刺繍糸を針に通すコツと、刺繍の刺し始め・刺し終わりの方法について

刺繍糸を針に通すとき、糸がバラバラになってしまい上手く通せない、ということはありませんか。

結論をお話すると、糸通しを使うことをおすすめします。

刺繍の最初と最後は、玉結びと玉止めをしても良いですが、作品として仕上げる時は、捨て糸をした方が、きれいに仕上げることができます。

それでは、刺繍糸を針に通すコツと、刺繍の刺し始め・刺し終わりの方法についてのご紹介です。

刺繍糸の針の通し方

一般的な縫い糸と異なり、刺繍糸は6本が束になっているものを、刺繍する内容に応じて1~6本により分けて使います。そのため、普通の針では糸が通せないということがあります。

まずは糸口を見つけて、そこから静かに引き抜き、45~50cmくらいで糸を切ります。

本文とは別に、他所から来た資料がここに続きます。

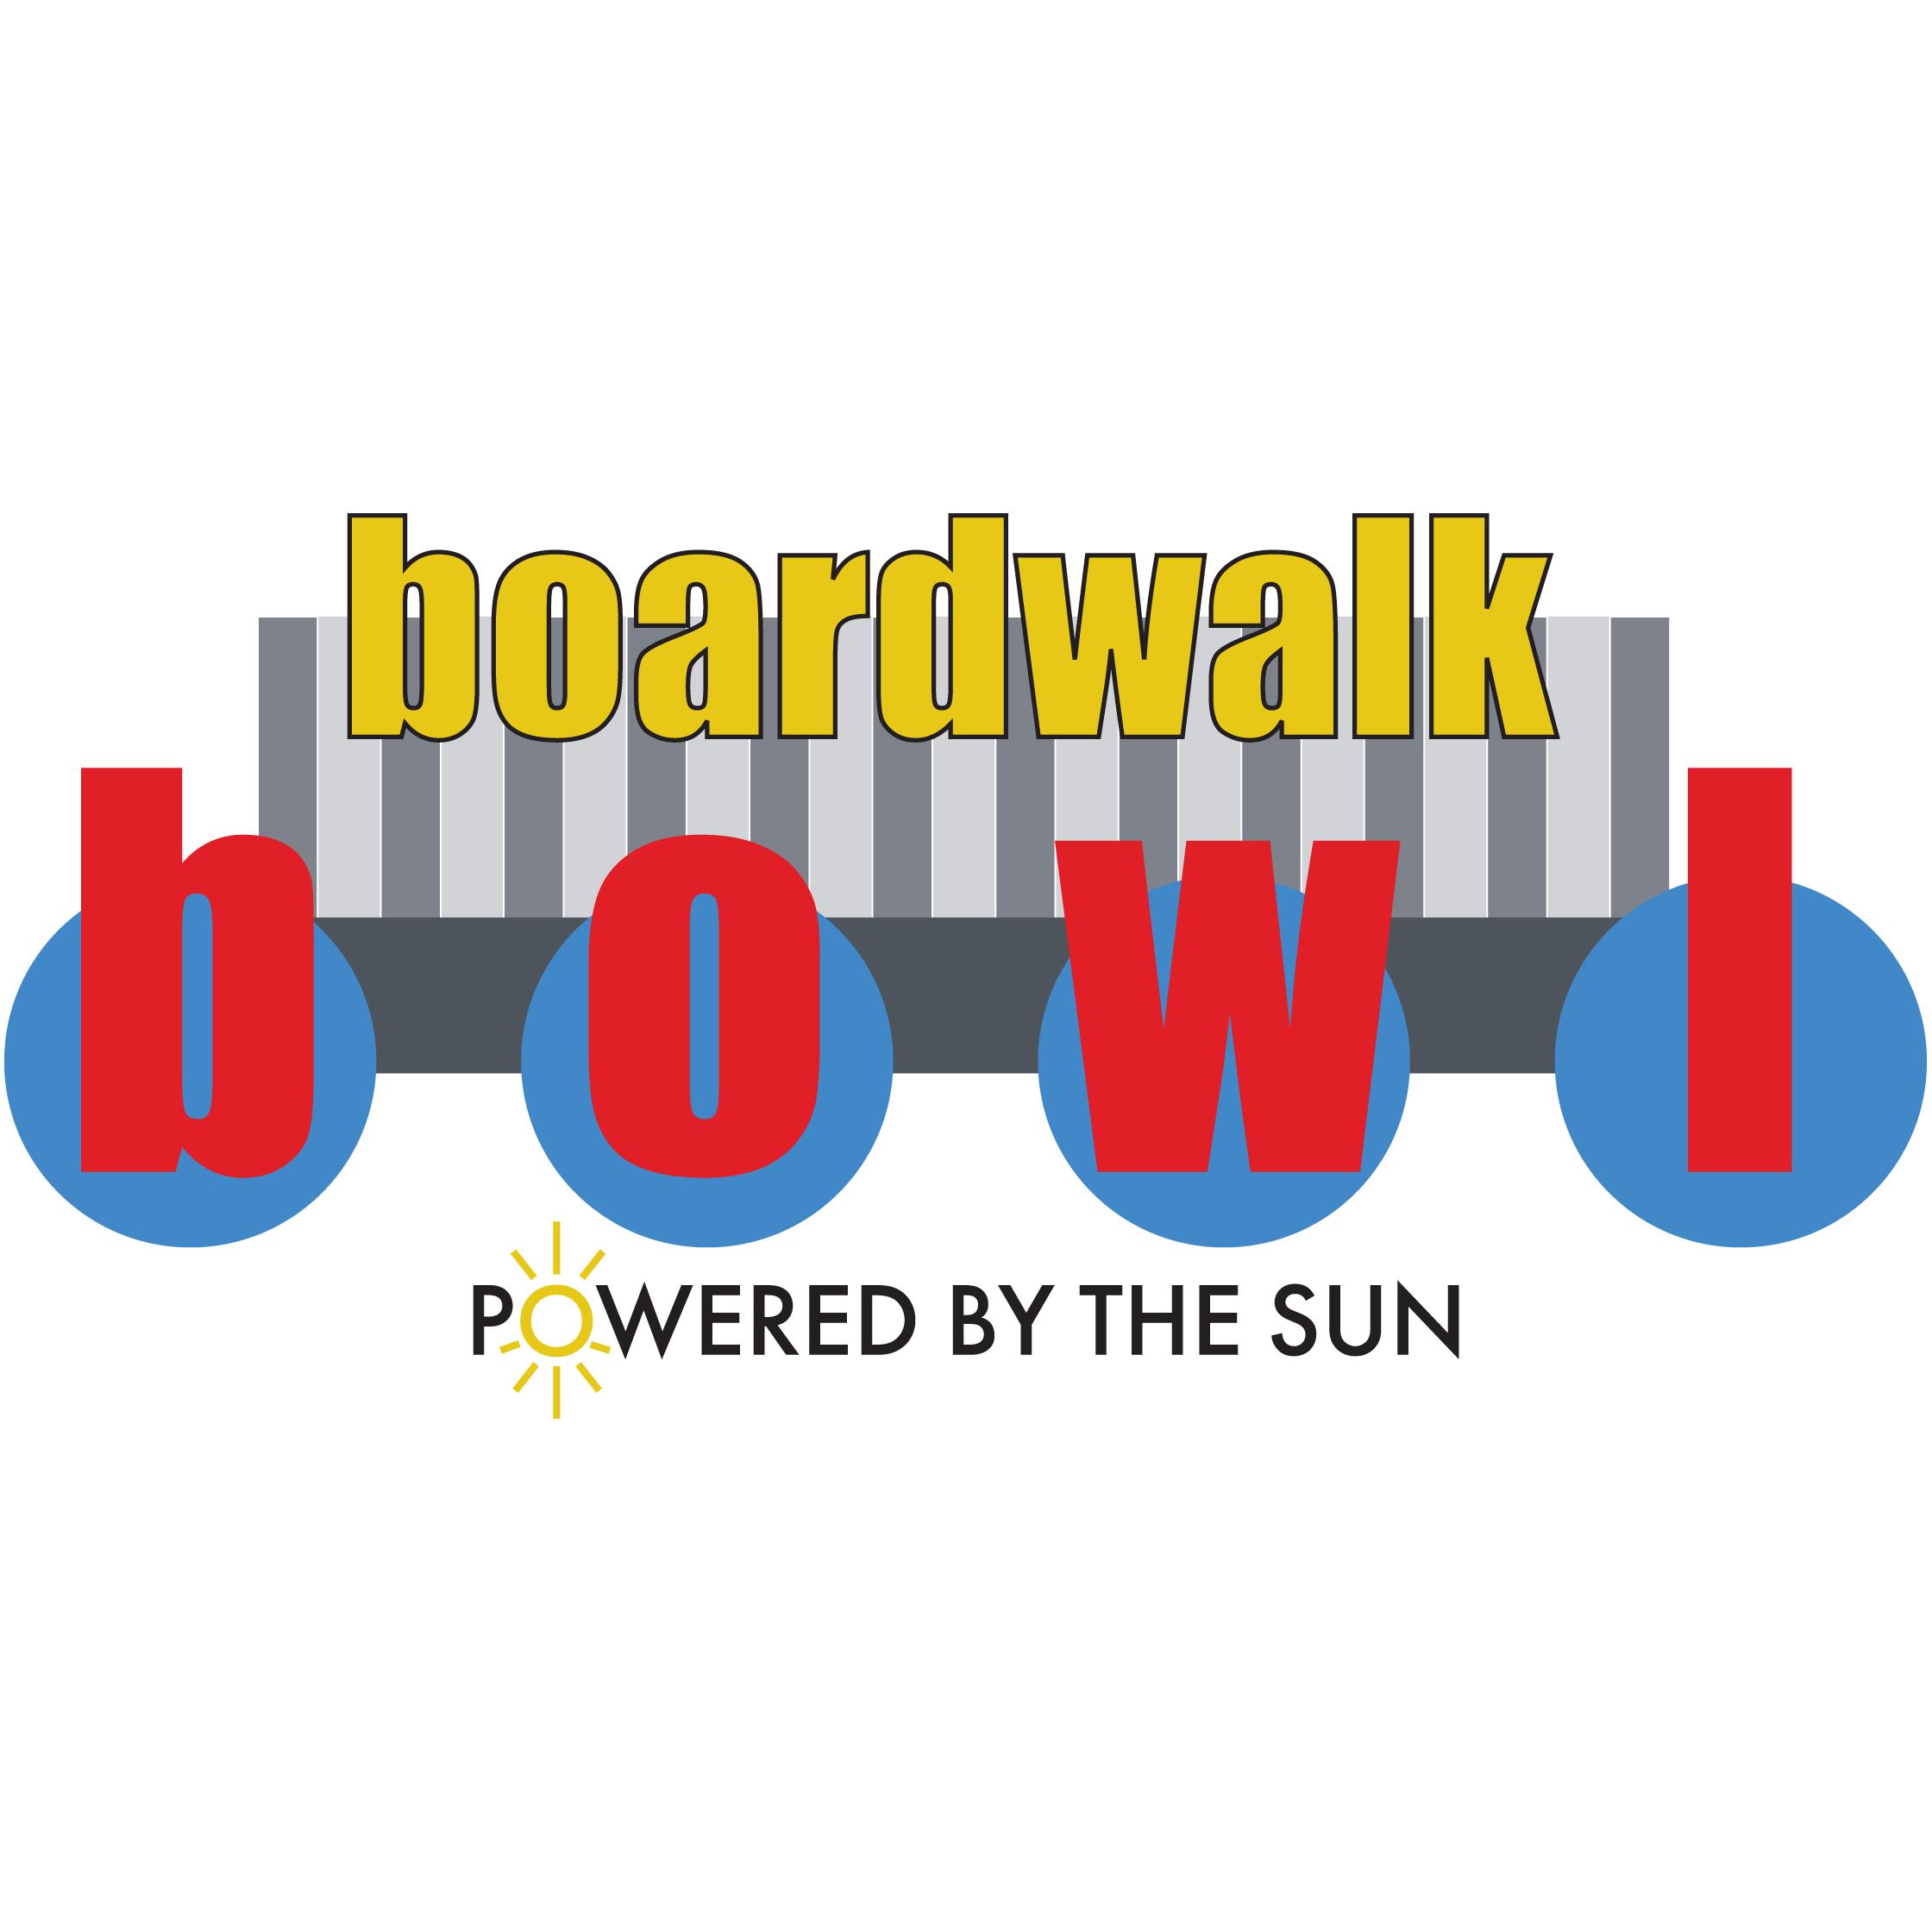 Boardwalk Bowl Entertainment Center
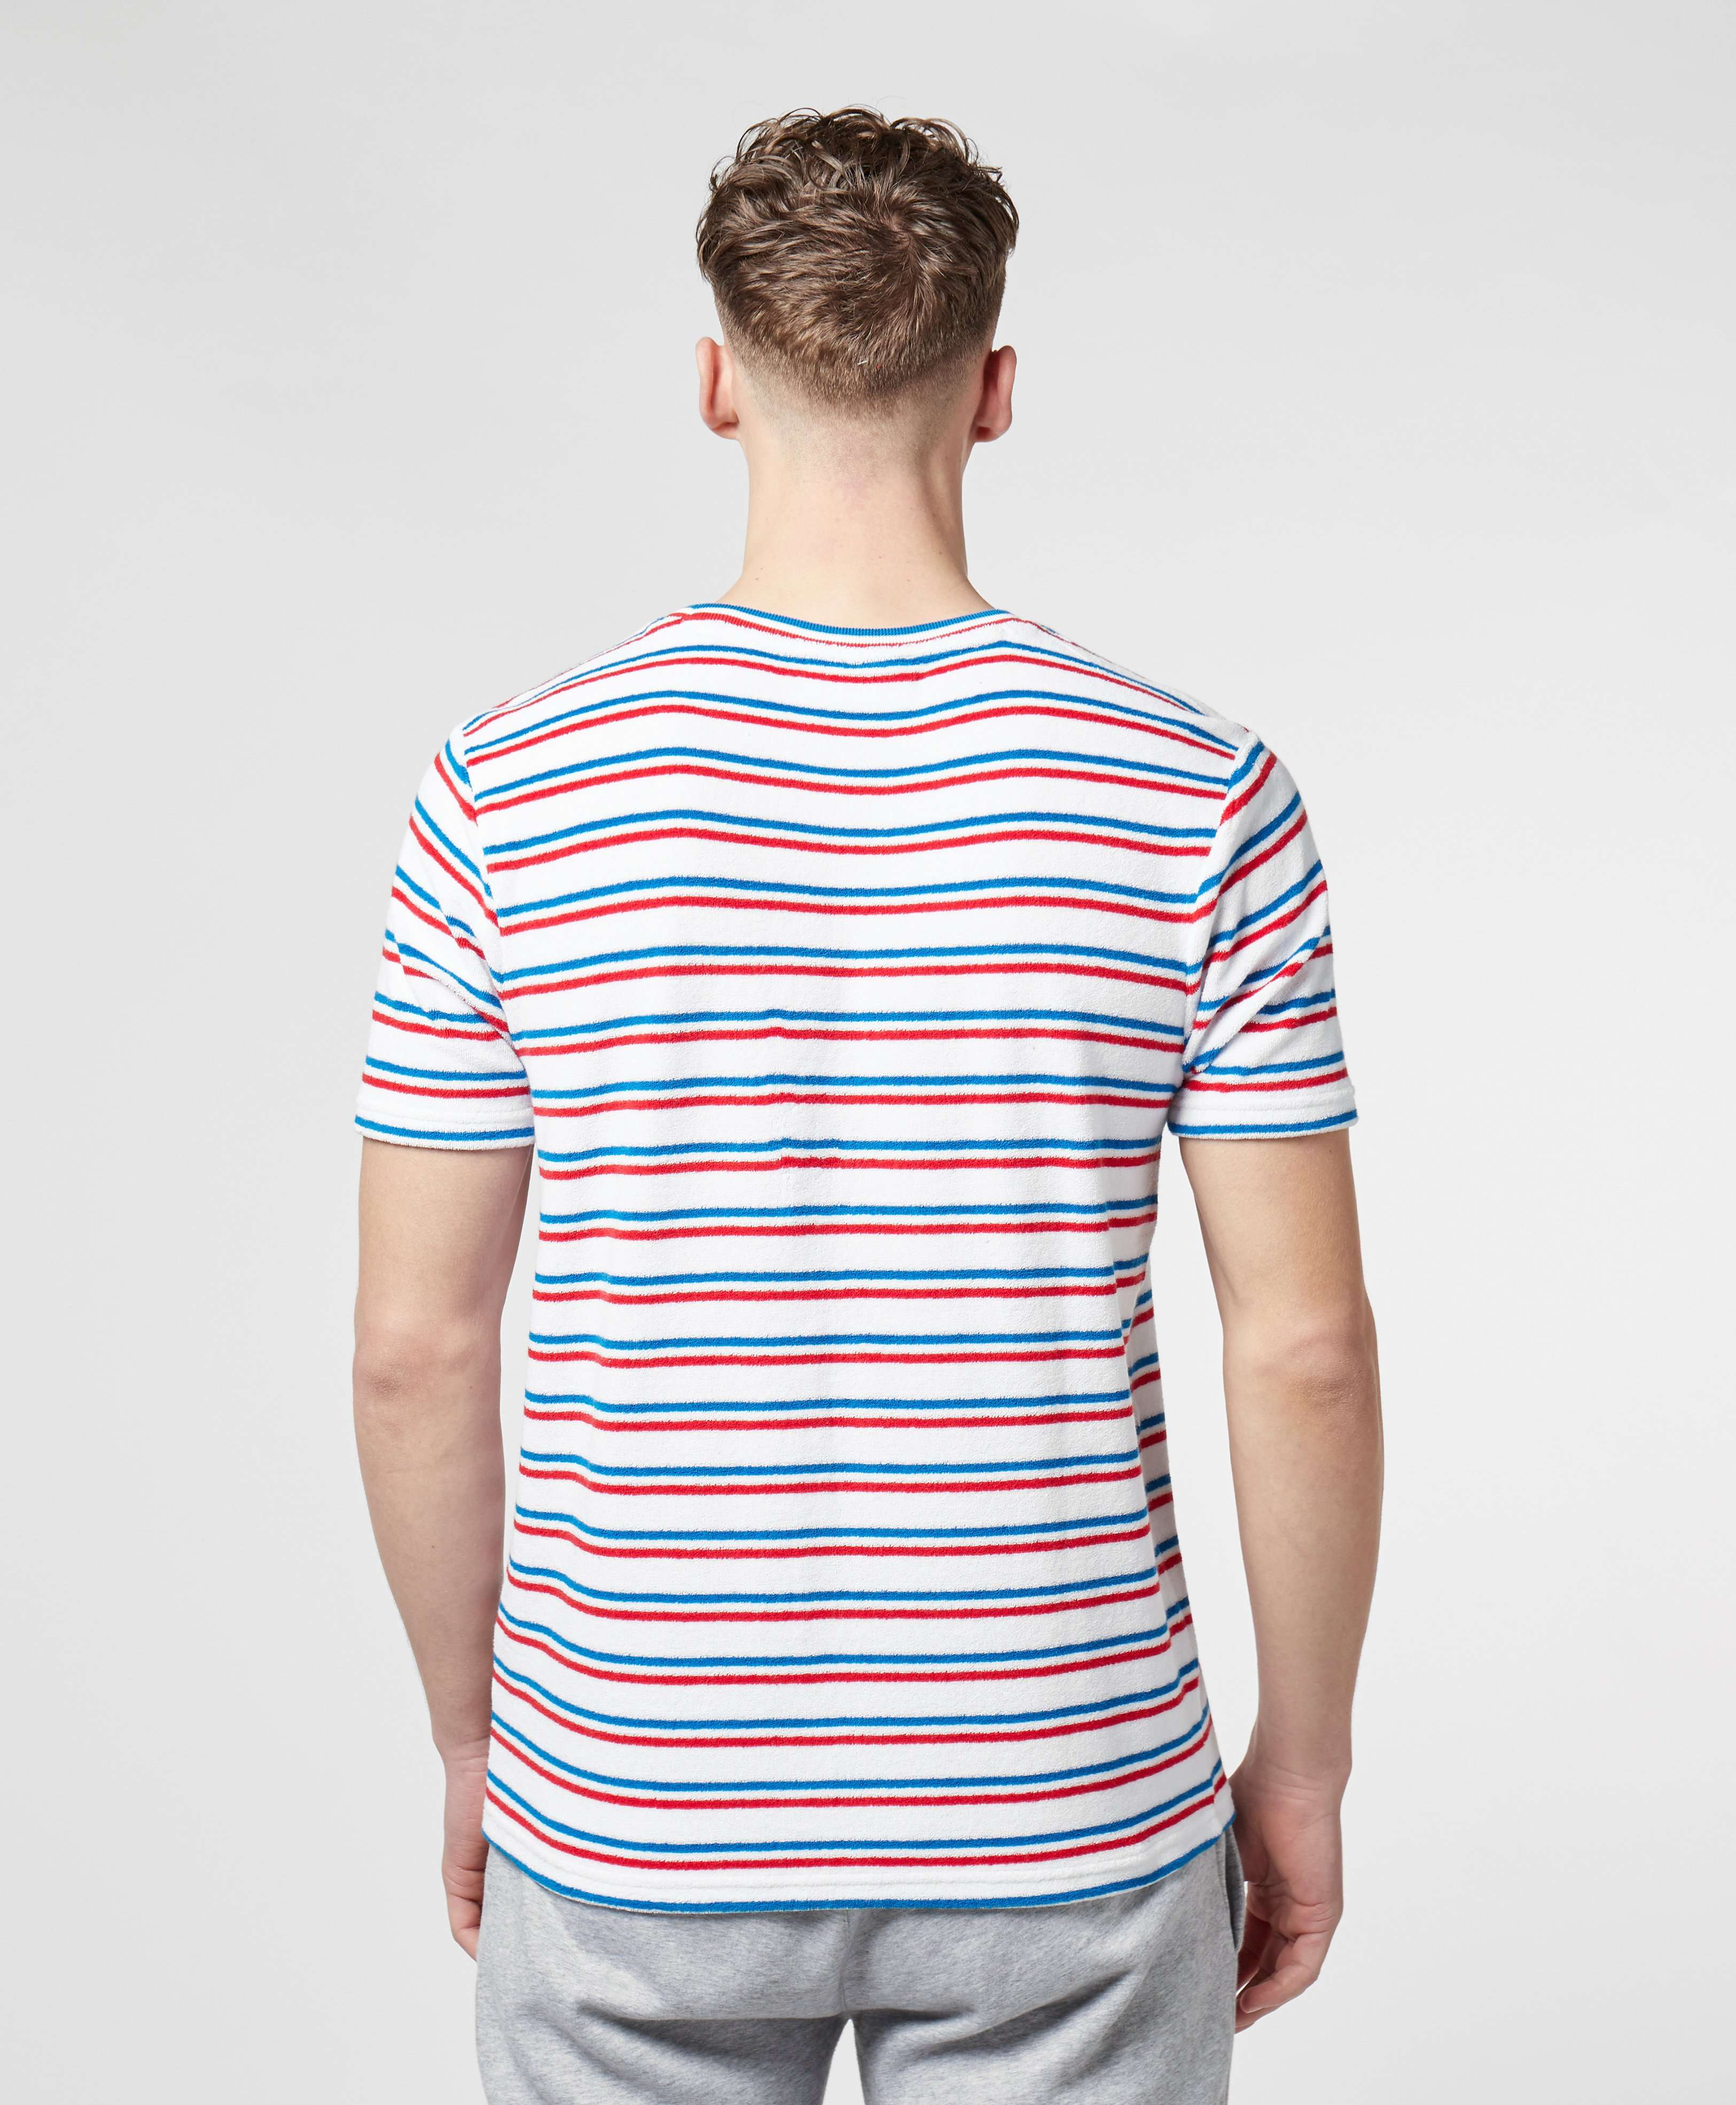 Fila Terry Stripe Short Sleeve T-Shirt

切った糸を、自分が使いたい本数により分けます。この時、3本使うなら、3本ずつを両手で持って、均等に左右に引くと、きれいに分けることができます。2本の時は、2本と4本で引き分けます。

糸に折りグセをつけて通す

刺繍針は細長くなっています。そこで、糸の先1cmくらいをしっかりと折ります。これを折りグセと言います。

糸を針の頭に当てて折り、針を抜いて折り目をつける

糸を針の穴に巻くようにして当てて折り山を付けます。針を抜いて、しっかりと折り山のところで折り目を付けます。

糸の折り山を針穴に通す

糸の折り山をもって、針穴に通します。この時、糸がバラバラにならないように気を付けましょう。

糸の輪を引っ張り、短い方の糸端を引き出す

糸の輪を引っ張り、短い方の糸端を引き出してまっすぐにします。糸端を引く時も、糸がばらけてしまうと、途中で糸がダマになってしまったり、きれいに仕上がらない原因になってしまいます。糸がバラバラにならないよう、揃えて糸端を引き出しましょう。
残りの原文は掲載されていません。